If absolutely necessary, you can wait to manicure the buds. However, the job will take more time if you wait. Manicuring right after the plants are harvested will also speed the drying process. 

Instead smoking marijuana directly after it is harvested and manicured, it is best to dry and cure it. Some new growers might be in such a rush to try the marijuana that they don't want to dry the crop, or they might be tempted to put buds in a microwave oven to dry them out. 


*Drying Marijuana After Harvest*

You probably don't want to smoke marijuana that is harsh and bad tasting. If you do not take time to dry the bud, you will not get the best possible smell and taste your crop is capable of producing. 

Proper drying and curing will also ensure maximum potency of the marijuana you have grown. Marijuana is not potent just after harvest. Some of the THC is in a non-psychoactive acidic form. Drying marijuana the right way will convert the non-psychoactive acidic compounds into psychoactive THC. 

The area where the drying is done should be dark. Light and high temperatures (higher than about 80 degrees) will cause THC to break down into less desirable chemicals, this will lower the potency of the finished product. 

*A good way* to dry the crop is to hang the buds upside-down by the stem, from some string or wire. The drying marijuana must have some circulation blowing over it at all times. A gentle breeze that circulates over all the plants is necessary. 

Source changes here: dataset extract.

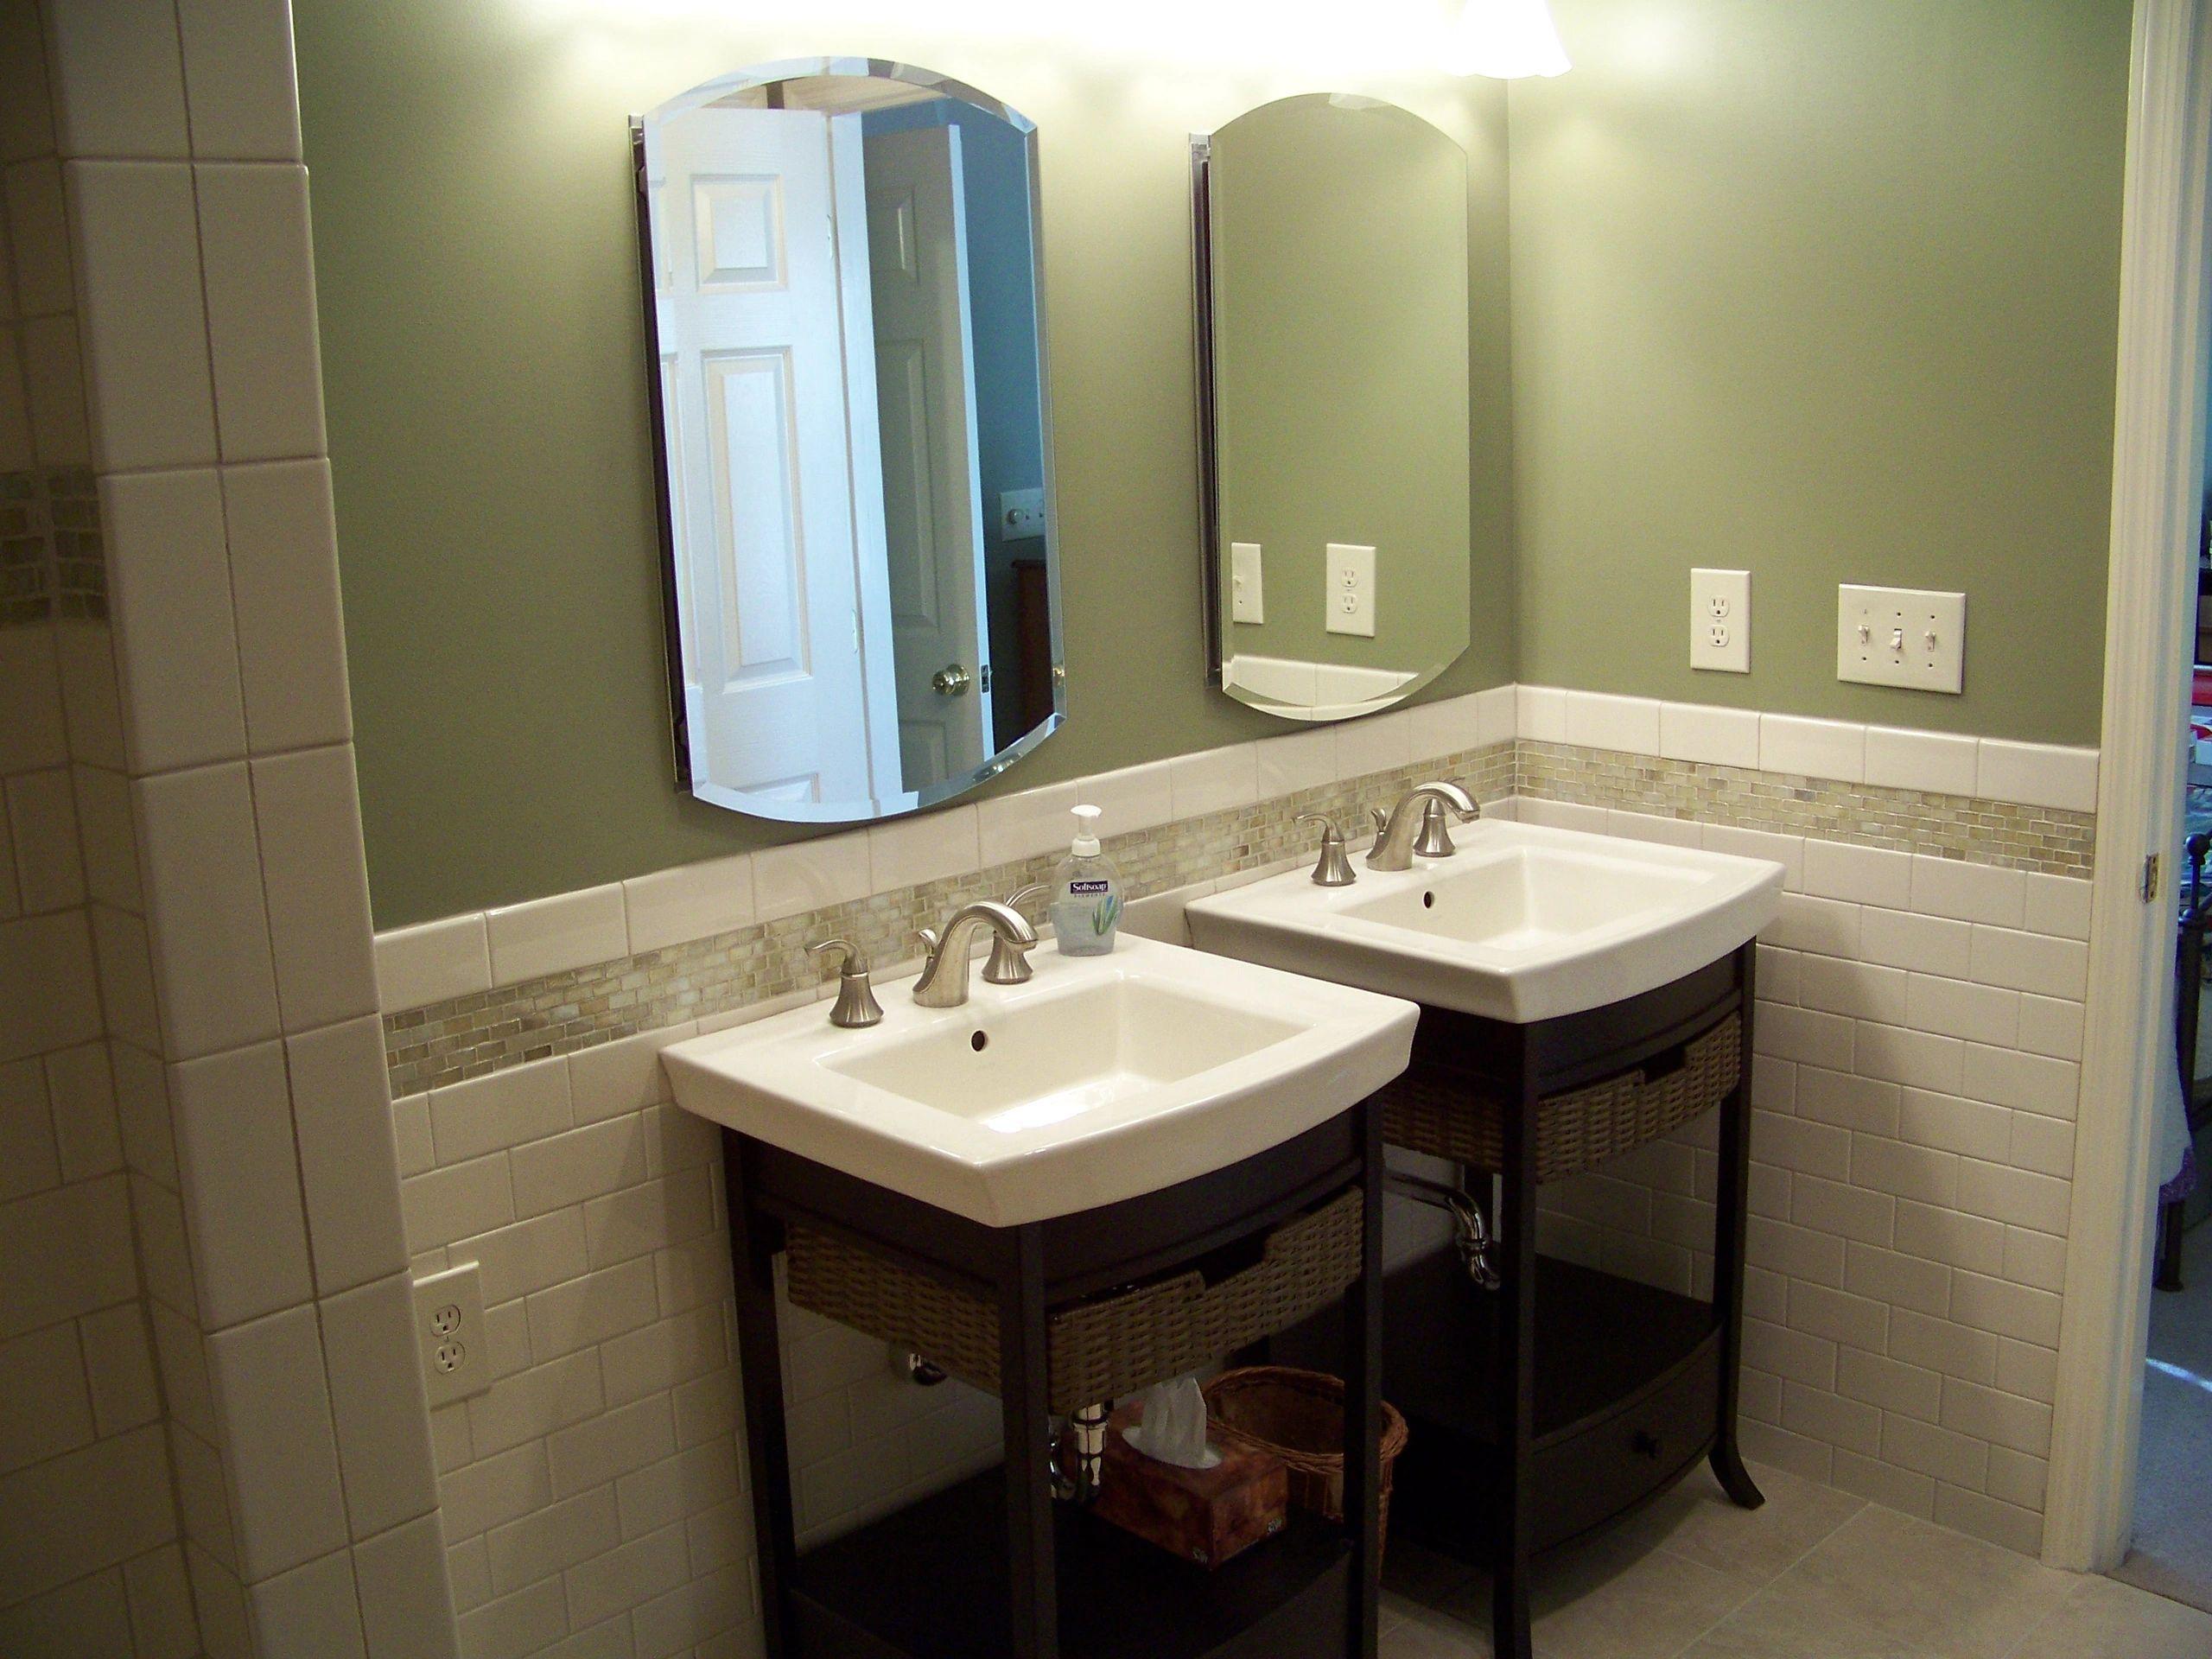 Bathroom Remodel Kitchen Upgrades Gibsonrenovationanddesign - Bathroom remodeling lexington ky

A fan or two will circulate air within the drying room. Fans will aid in drying the plants evenly, and reducing the chances of mold. If mold starts and is allowed to grow, it might ruin all of your crop. Mold looks like white fuzz and has an odor that is unpleasant. 

You will have to keep the temperature and humidity within a certain range for optimal results. Conditions should remain constantly somewhere within the following ranges, temperature should be between 65-75 degrees F, relative humidity should be between 45%-55%. 

*At temperatures lower* than 65 degrees, drying time will be lengthened. At temperatures higher than 75 degrees, the heat will cause the outer portion of the bud to dry quicker than the inner part, and the taste will suffer. 

At humidity levels lower than 45%, the marijuana will dry too fast and the taste will suffer. At humidity levels higher than 55%, the marijuana will take a long time to dry, and it will be prone to mold. 

Keep a hygrometer and a thermometer in the drying area, close to the plants. A hygrometer will allow you to keep an eye on the relative humidity level in the room and a thermometer will display the temperature. Some hygrometers




 have built in thermometers so you can measure the temperature and humidity together. 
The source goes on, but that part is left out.